=== Given material ===

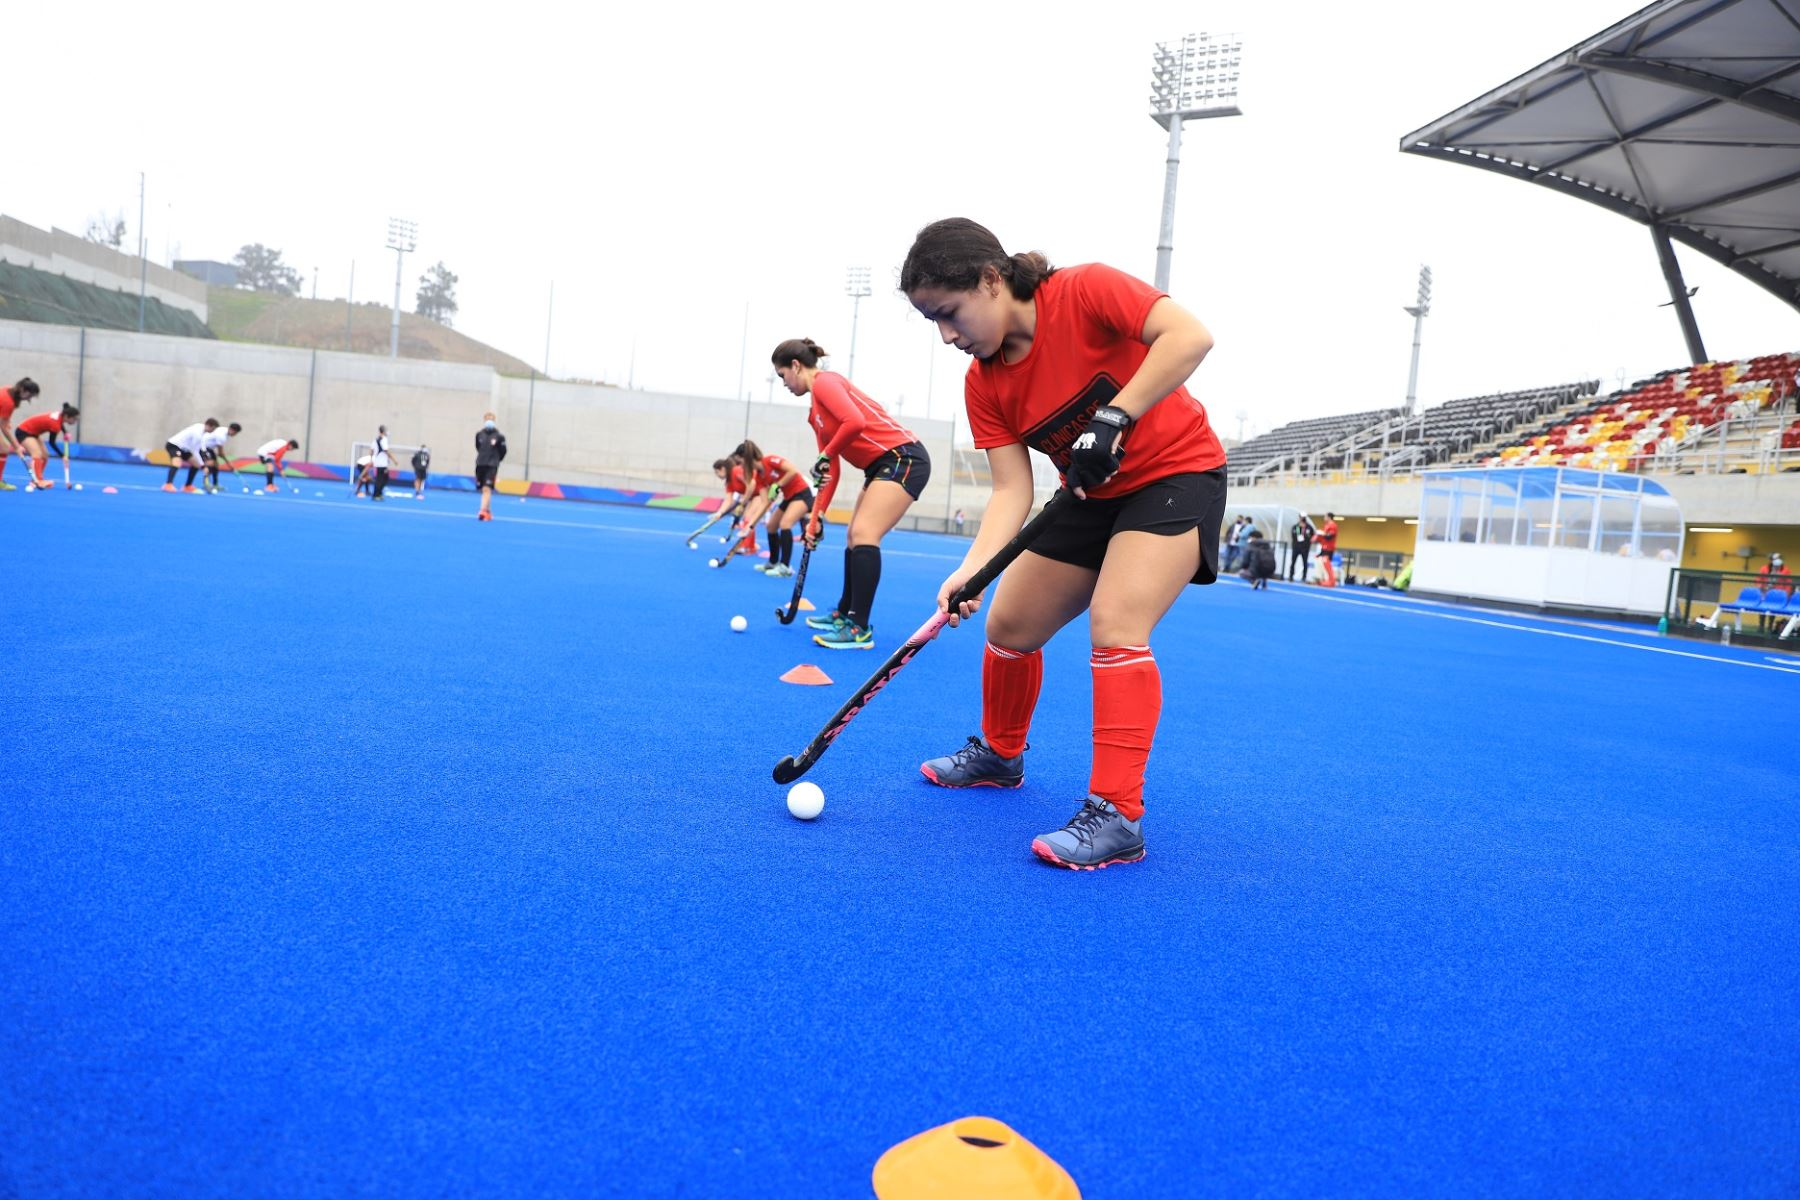 El hockey peruano está de vuelta con la tarea de elevar su nivel y masificarse | Noticias
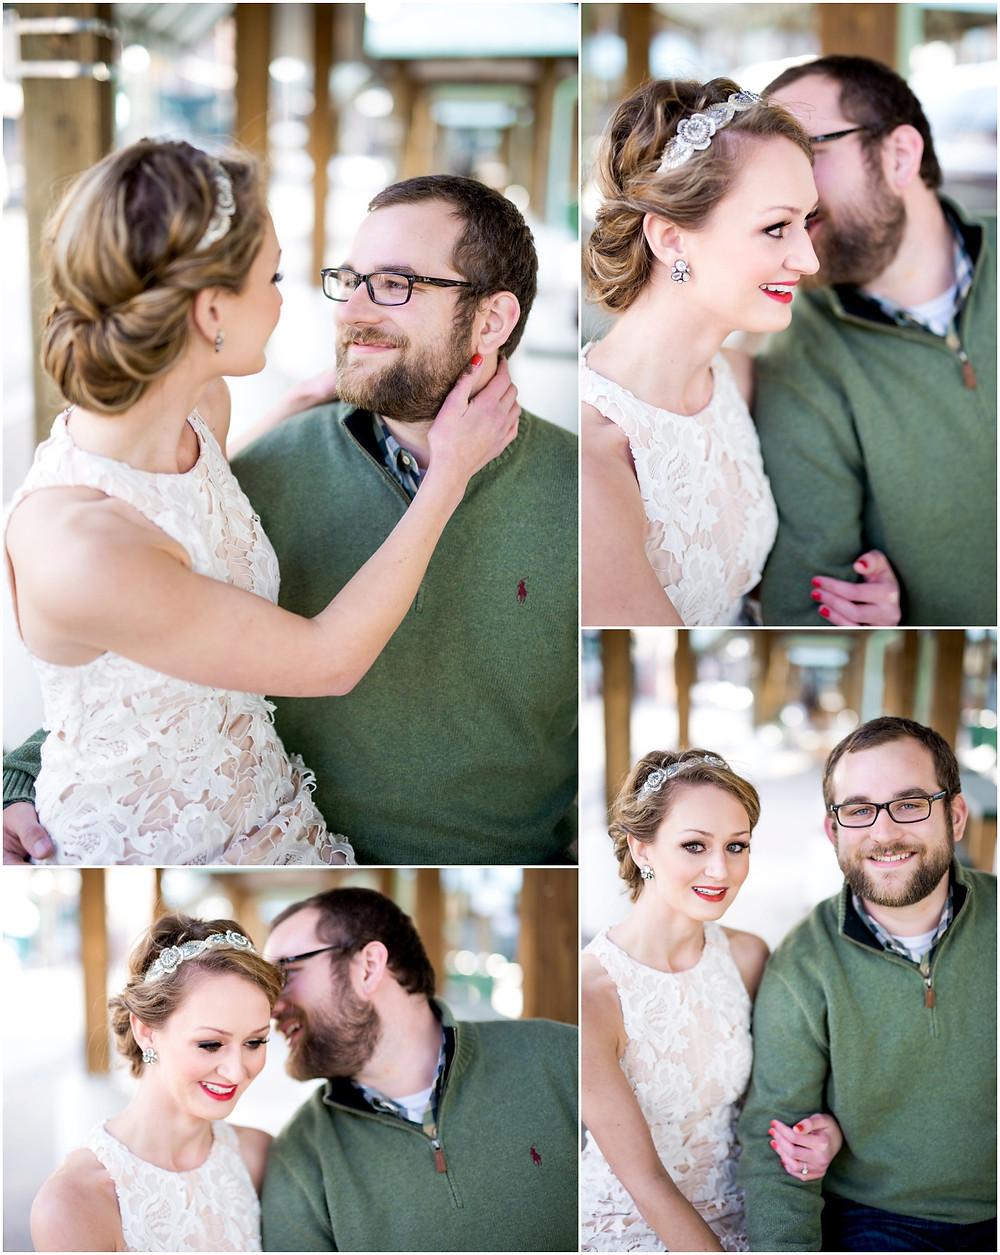 Richmond-virginia-wedding-photographer-marek-k-photography_0423.jpg
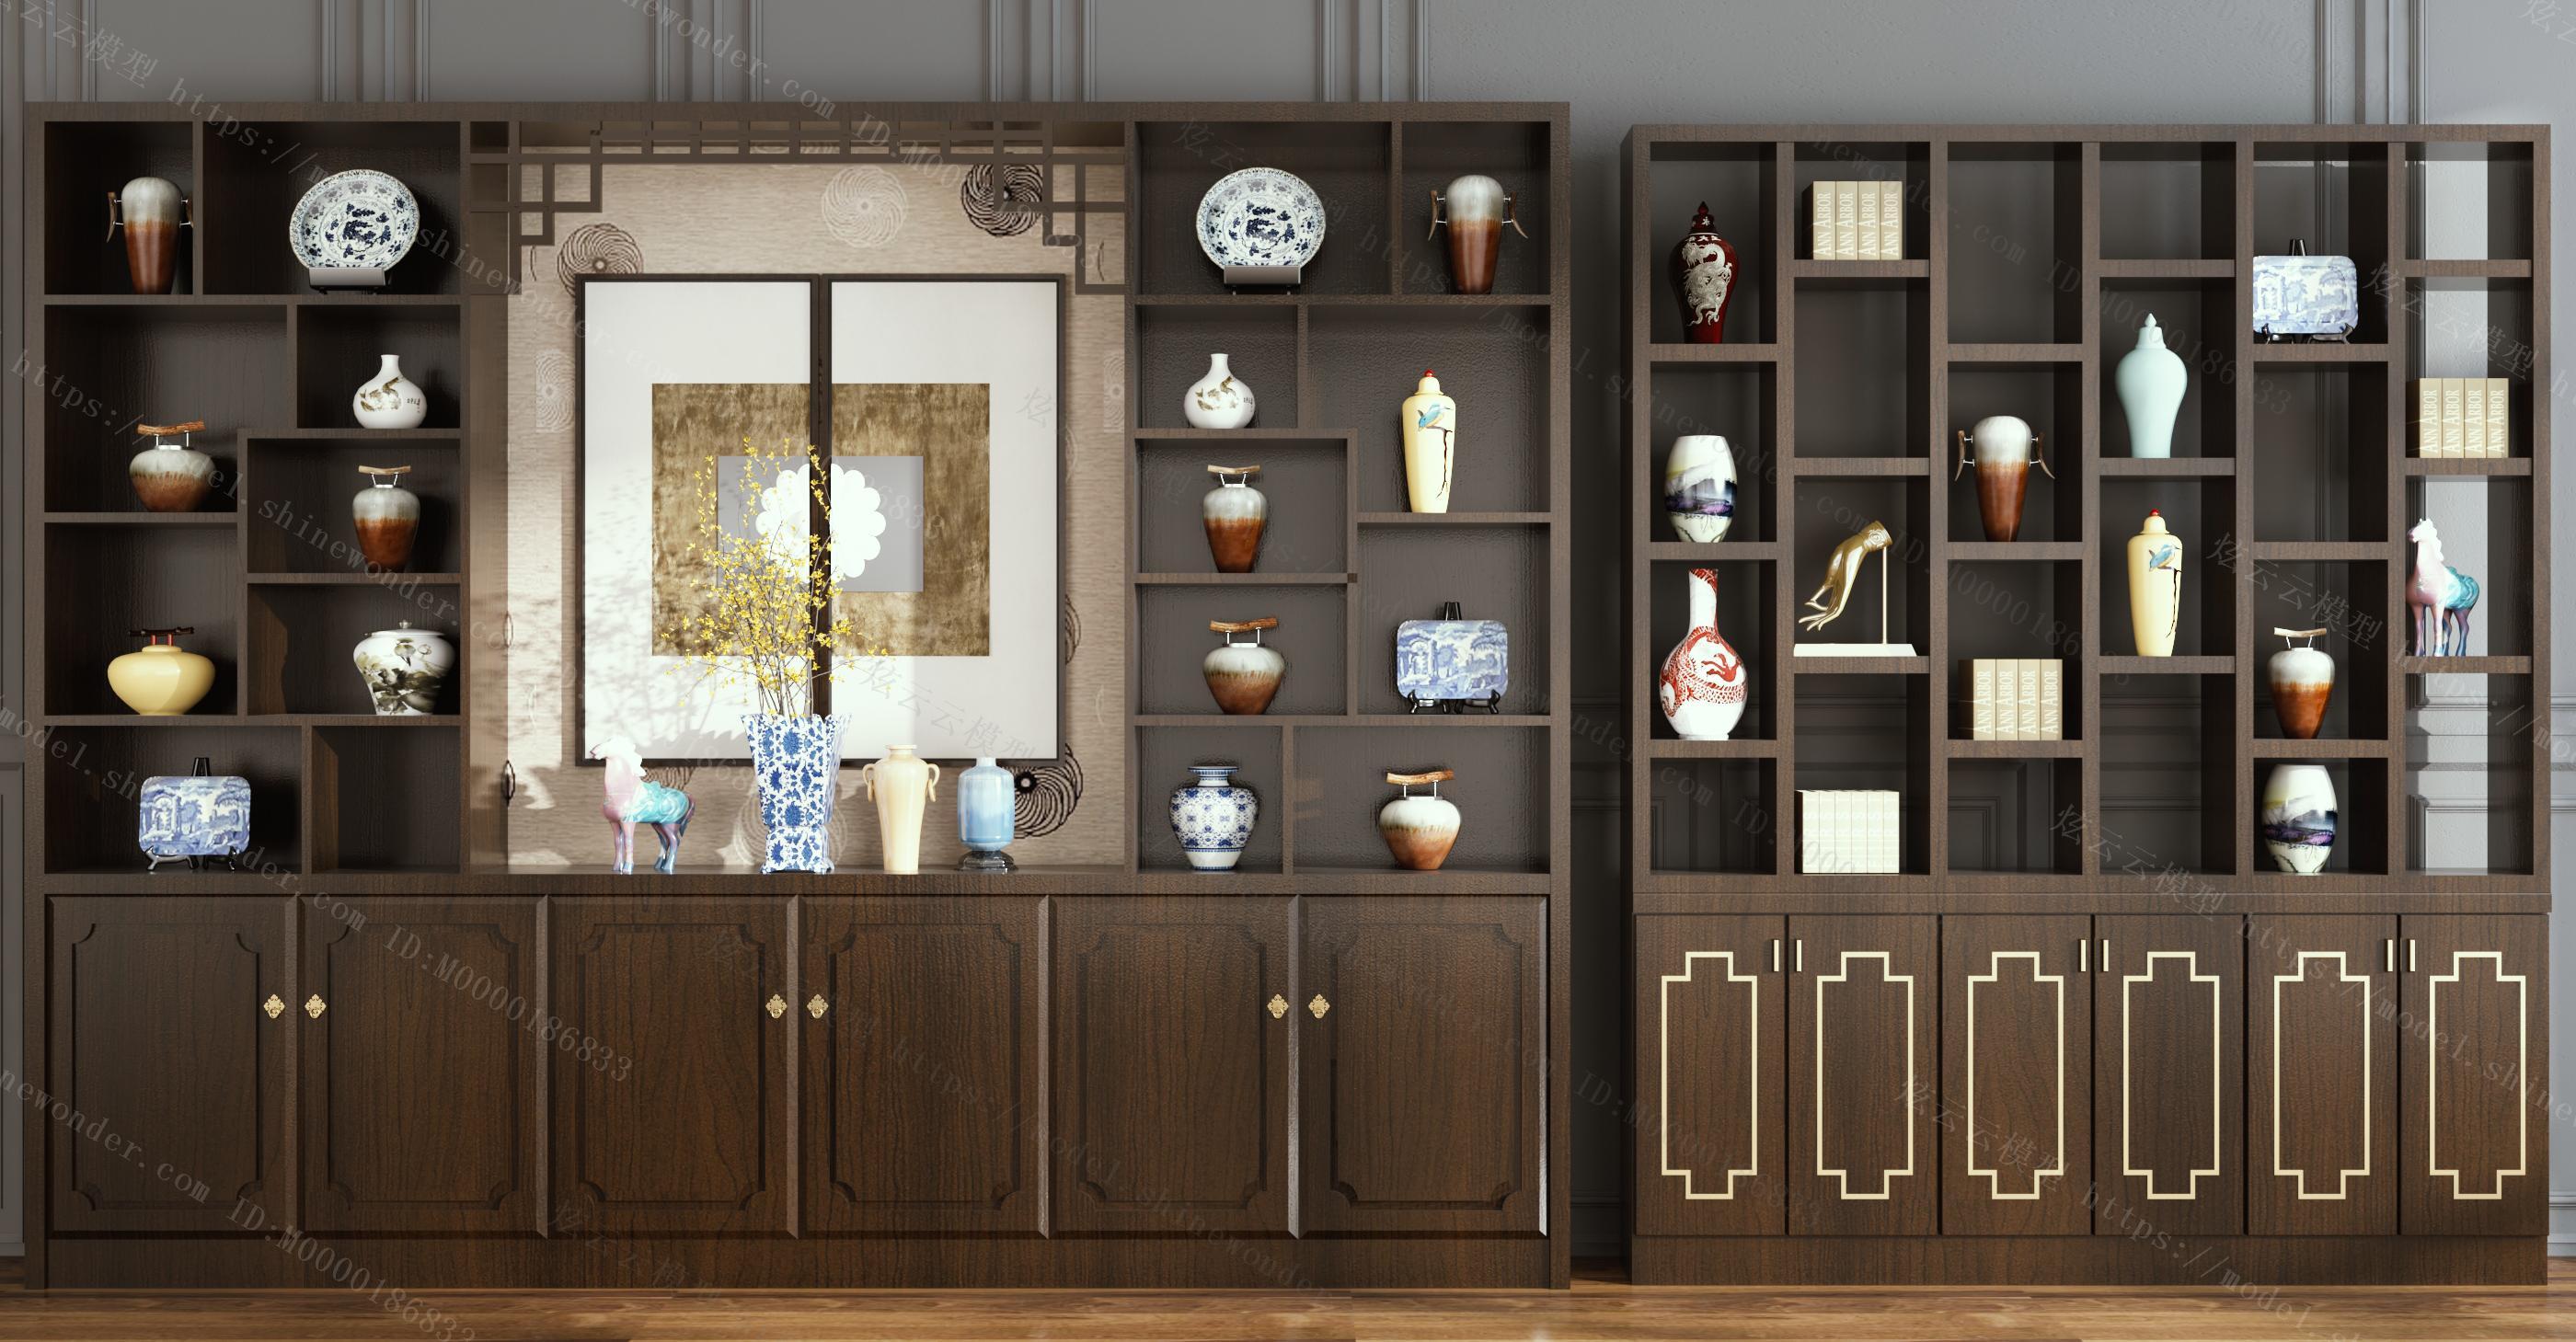 新中式酒柜装饰柜摆件组合模型

===

What is being asked
Skipping any pictures, transcribe the full listing exactly.

Your response
 El hockey peruano está de vuelta con la tarea de elevar su nivel y masificarse | Noticias
 Richmond-virginia-wedding-photographer-marek-k-photography_0423.jpg
 新中式酒柜装饰柜摆件组合模型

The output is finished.